Given data
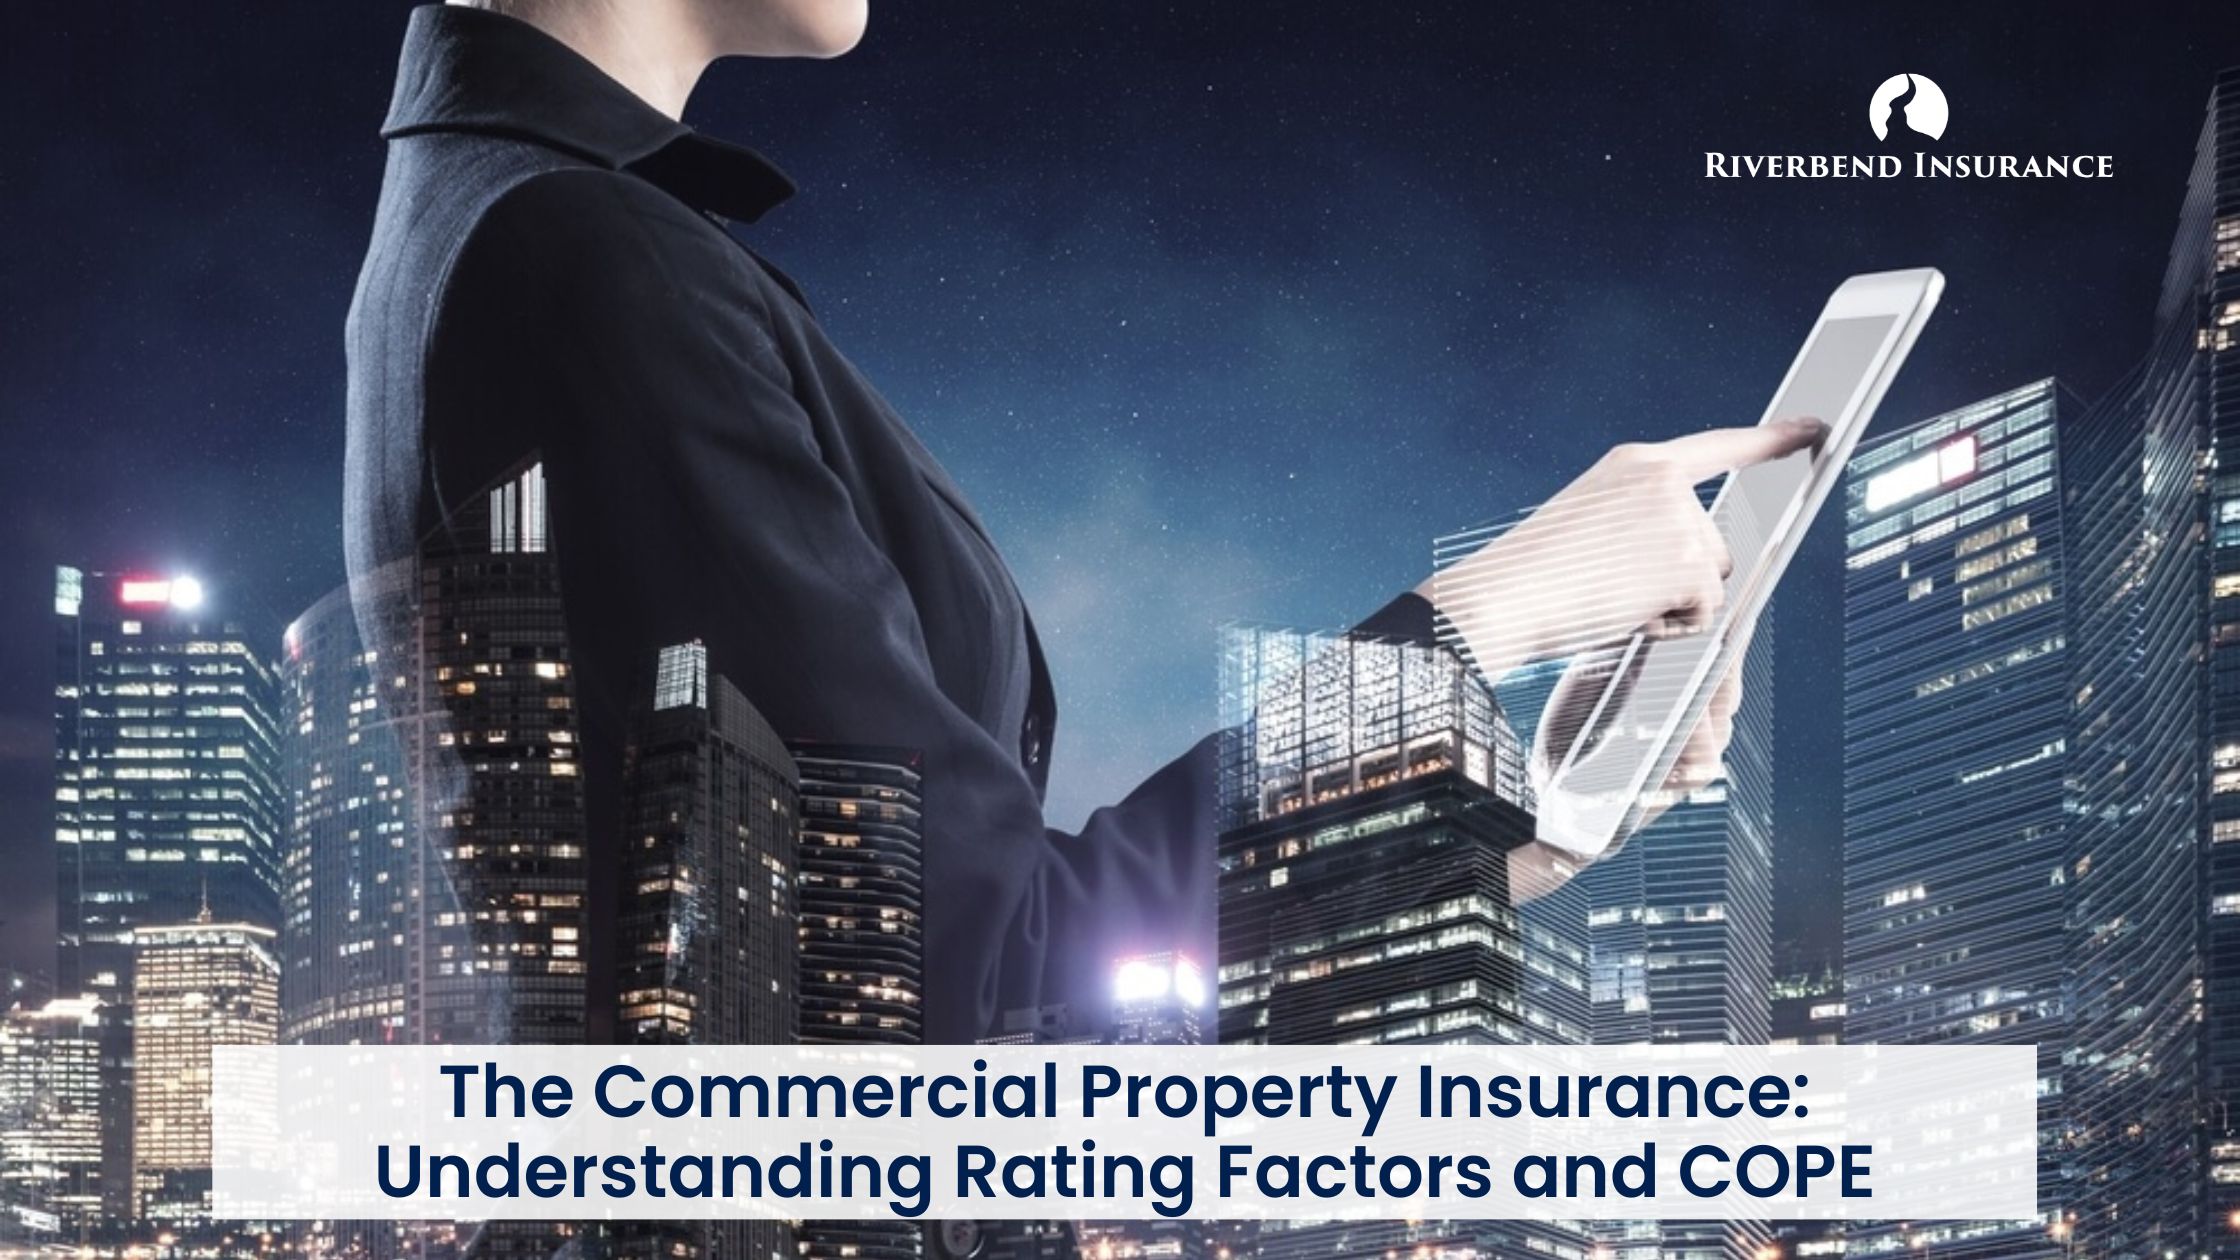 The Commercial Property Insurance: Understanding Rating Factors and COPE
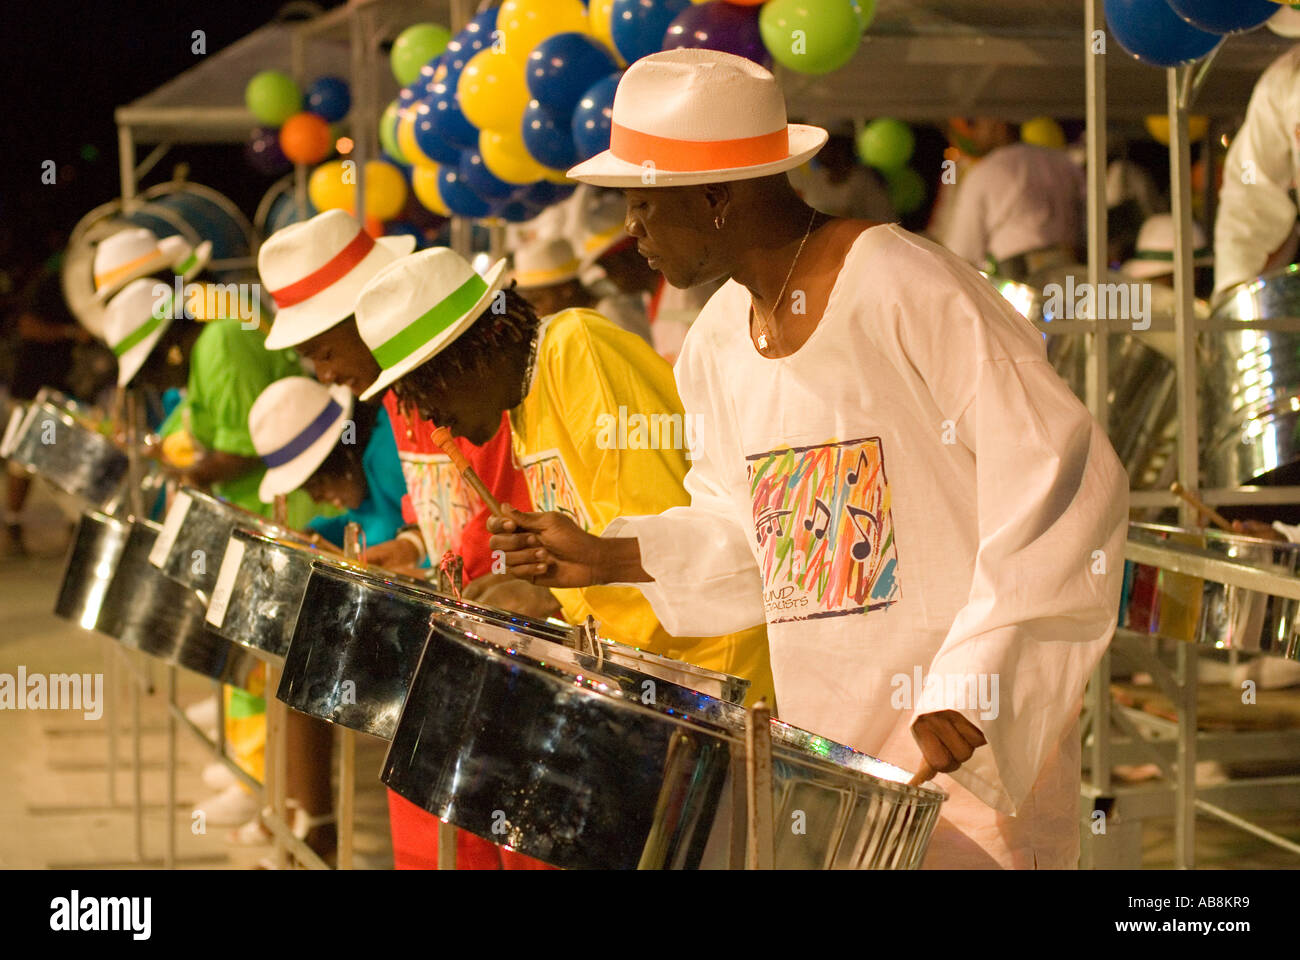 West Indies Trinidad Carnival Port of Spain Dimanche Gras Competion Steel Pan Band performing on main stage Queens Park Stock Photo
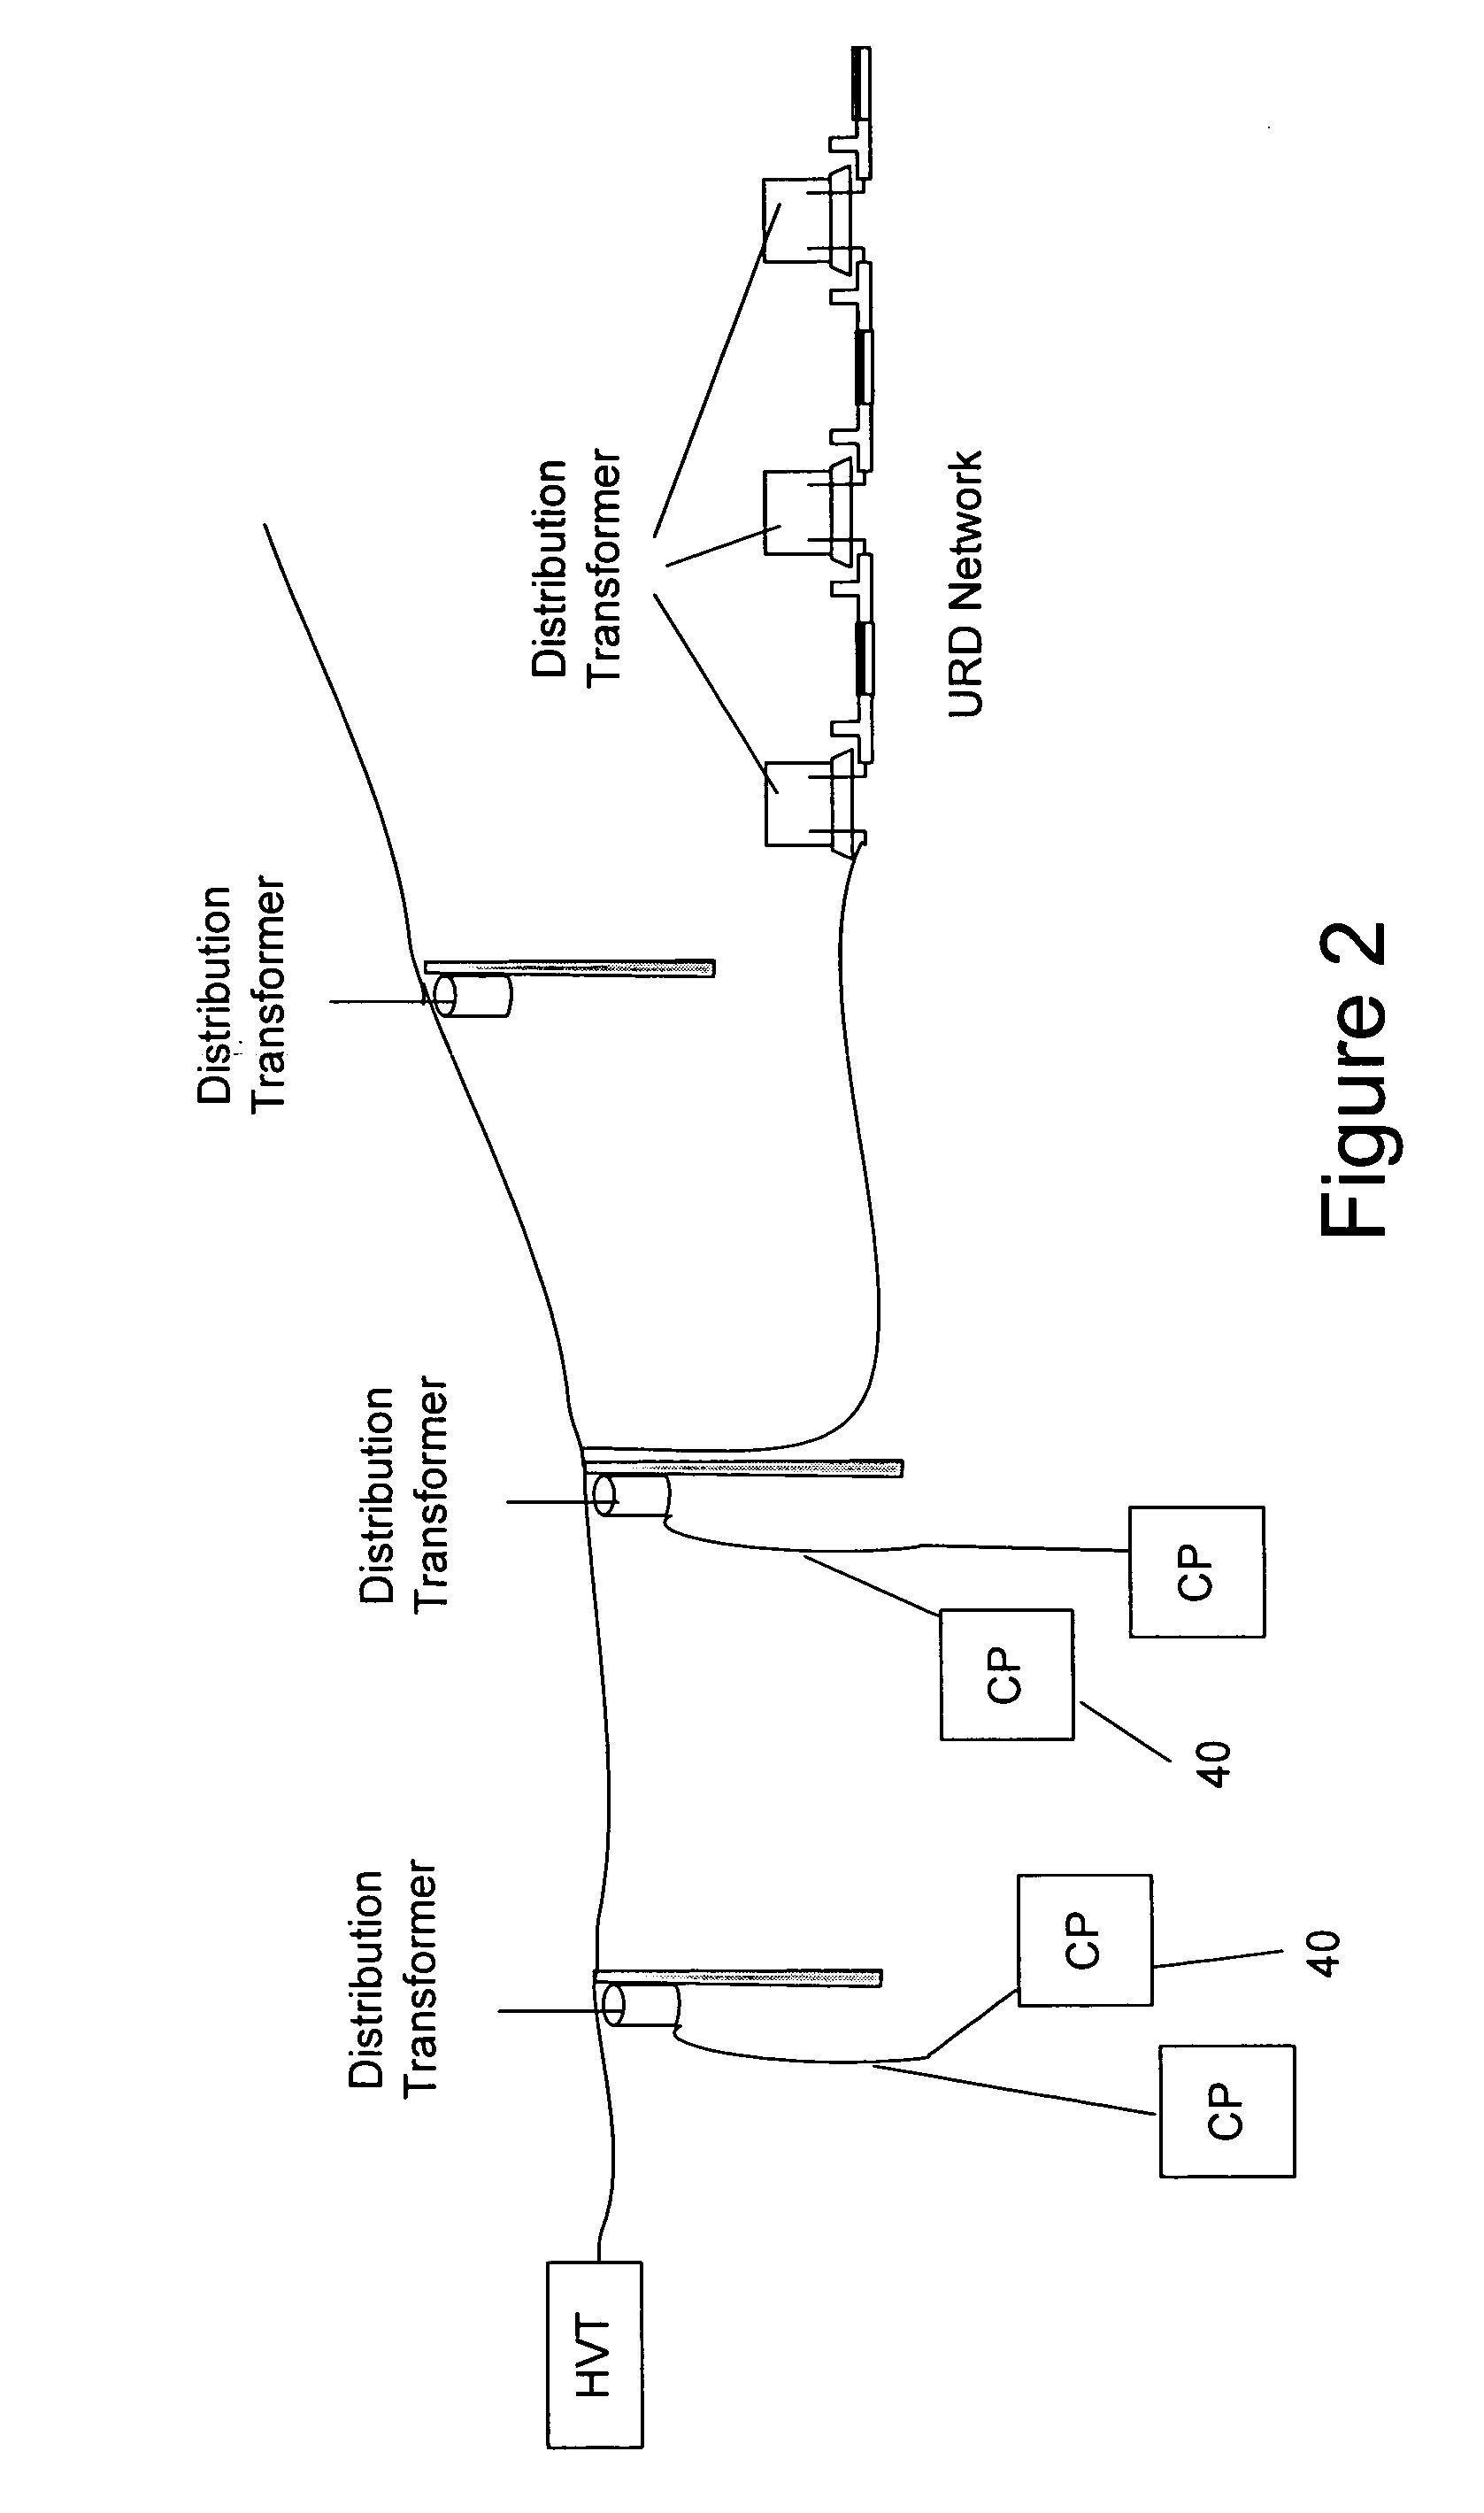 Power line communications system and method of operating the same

What is expected
An exact copy of every line above is needed, without the images.

Result of this exercise
 The Commercial Property Insurance: Understanding Rating Factors and COPE
 West Indies Trinidad Carnival Port of Spain Dimanche Gras Competion Steel Pan Band performing on main stage Queens Park Stock Photo
 Power line communications system and method of operating the same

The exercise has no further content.